In a Facebook post Wednesday, Najib pleaded to have his accounts unfrozen and thanked the government for unfreezing his children’s accounts.

“The authorities need to realize that I am an ordinary citizen too. As the head of my household, I too have bills to pay, medical bills to attend to and a household to run,” he said in the posting. “The authorities freezing my bank account has caused me hardship and difficulties in performing this role.”

“Like any other citizen I deserve to be given access to my personal freedom until my trial is completed. I am pleading with all concerned to stick to the rules of a fair and impartial investigation.”

Court challenges

Veera Kumar, another attorney representing Najib, told BenarNews that the Federal Commercial Crime Investigation Department unit had breached its standard operating procedure when it raided residences and an office linked to the former prime minister.

“Money found must be counted inside the premises and not somewhere else. A witness must also be present. That is according to the law, but that didn’t happen,” the lawyer said.

On June 30, Najib filed lawsuit applications against the police for their alleged lack of professionalism and against Attorney General Tommy Thomas and MACC chief Mohd Shukri Abdull for conflicts of interest. The applications are to be heard on July 16.

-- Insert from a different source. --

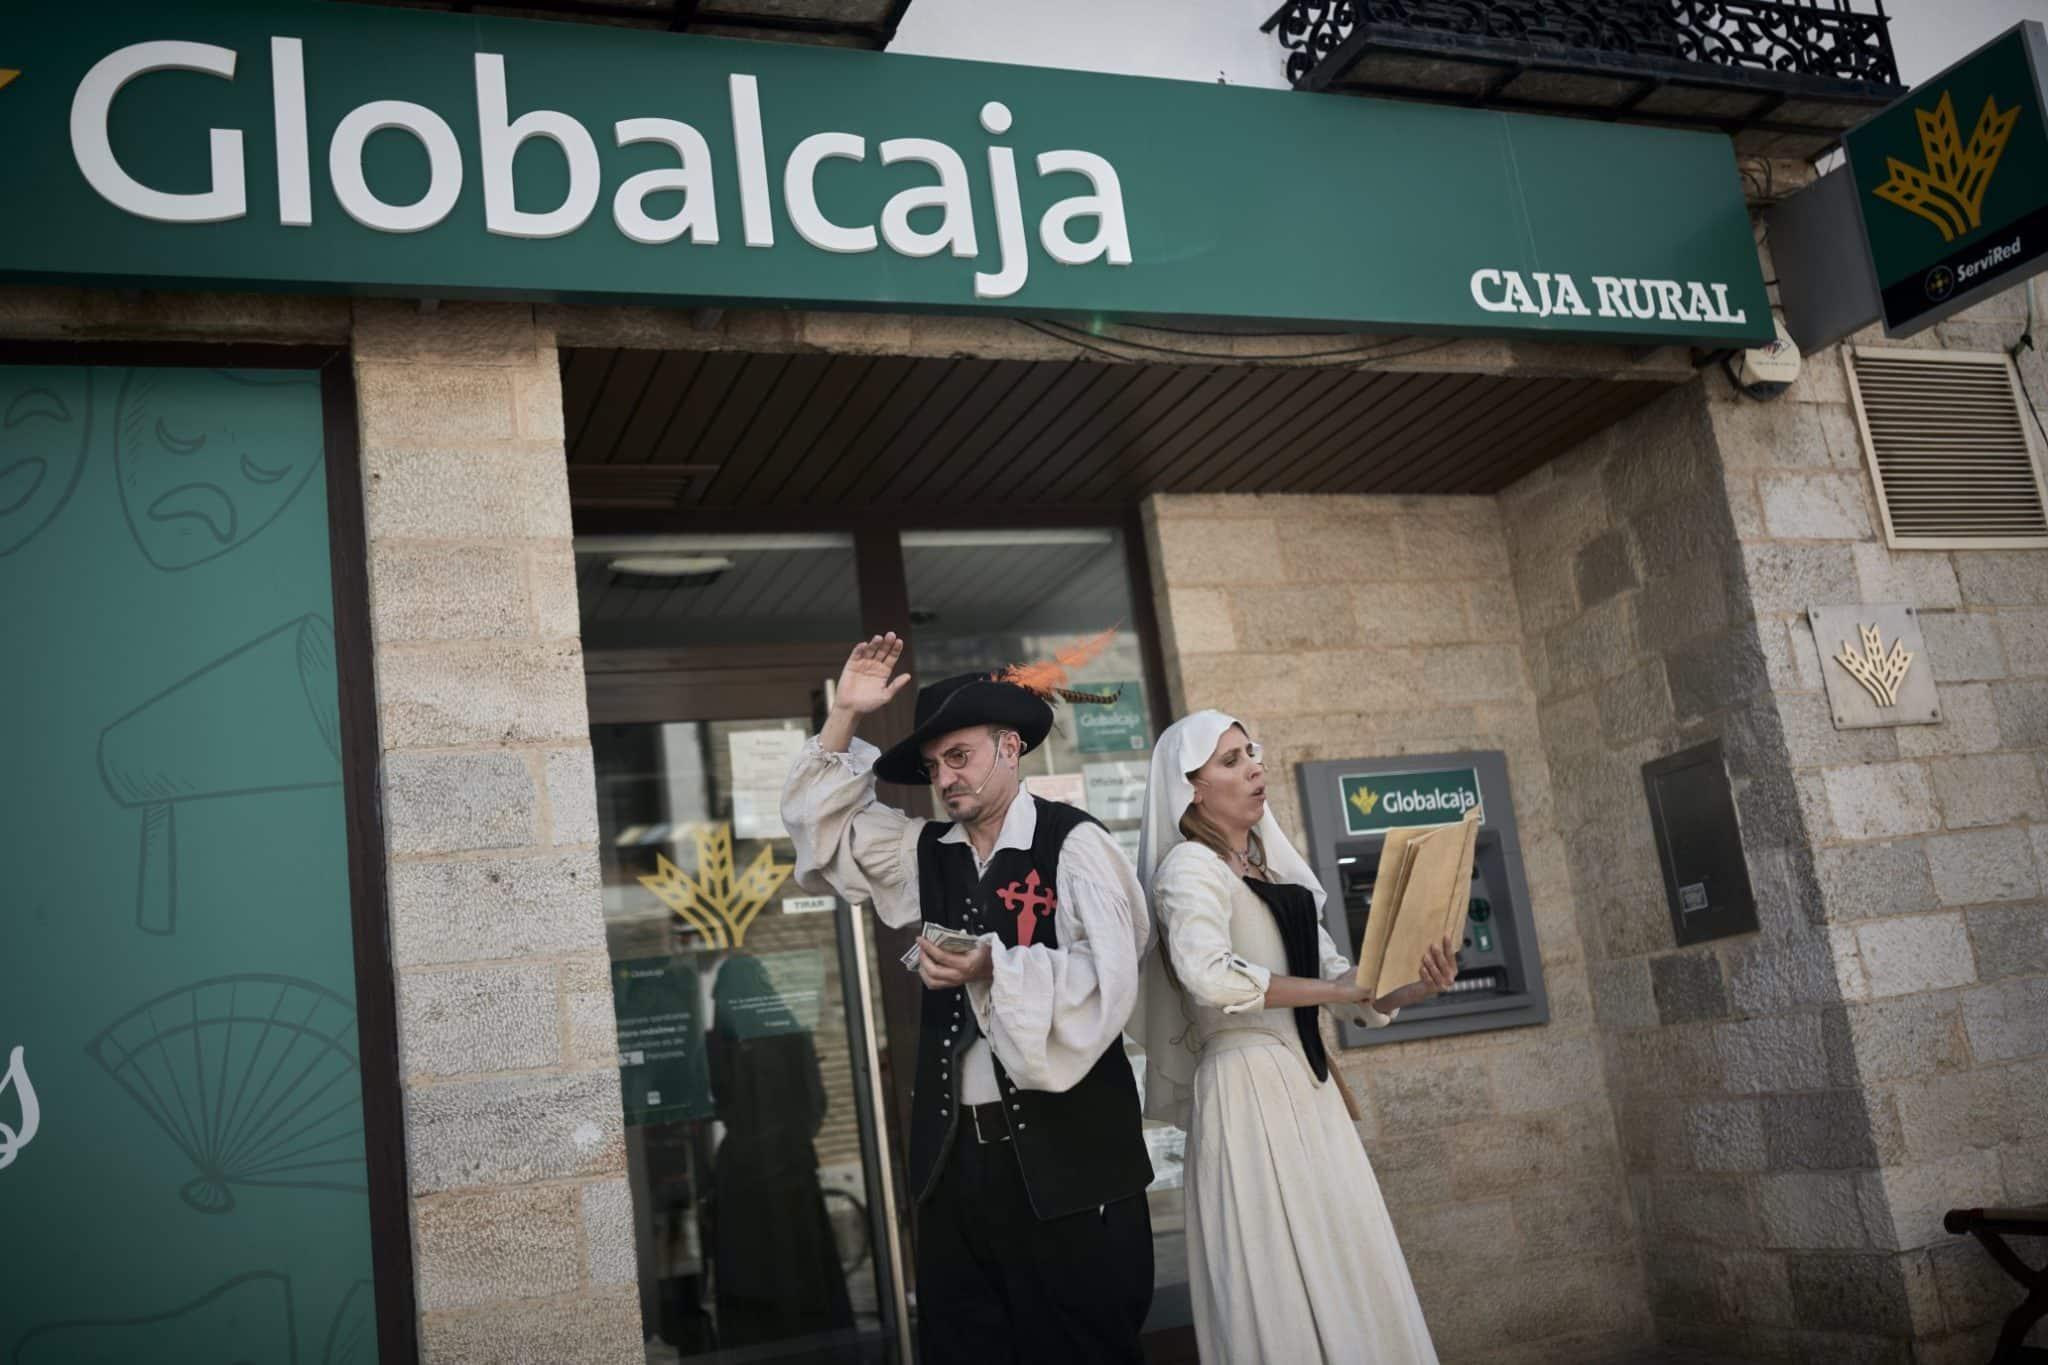 https://blog.globalcaja.es/wp-content/uploads/2020/07/EczywEFWsAAJ7I-.jpg
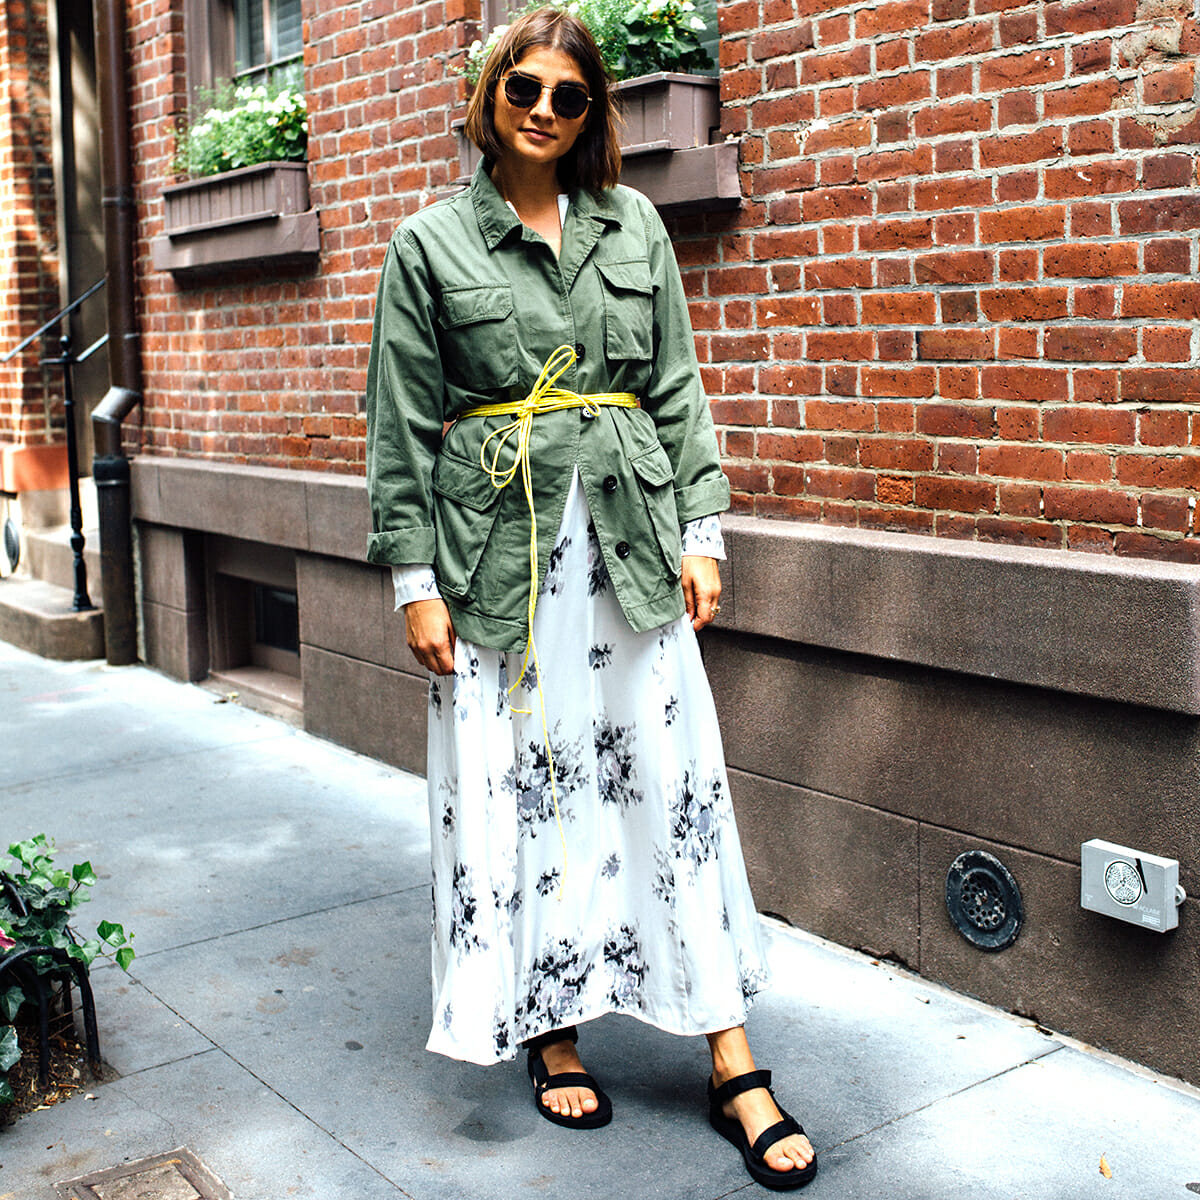 Three of the Best Ways to Style Tevas

“We will reply in the affidavit. I am not going to comment more about it in public,” Fuzi said when asked about the potential lawsuits.

After being charged last week, Najib was released on 1 million ringgit bail – half of which he paid that day and the second half on Monday. Because his accounts are frozen, Najib said he relied on donations from United Malays National Organization (UMNO) members – the political party he led while serving as prime minister – to pay the bill.

On Wednesday, UMNO announced it had hired lawyers to petition the government to return about 116.7 million ringgit ($28.9 million) seized during the search of Najib’s properties.

It also called for silence regarding its action.

“The UMNO headquarters counsel’s team hopes that no party will make any unjust speculation on this matter,” it said at the end of the news release.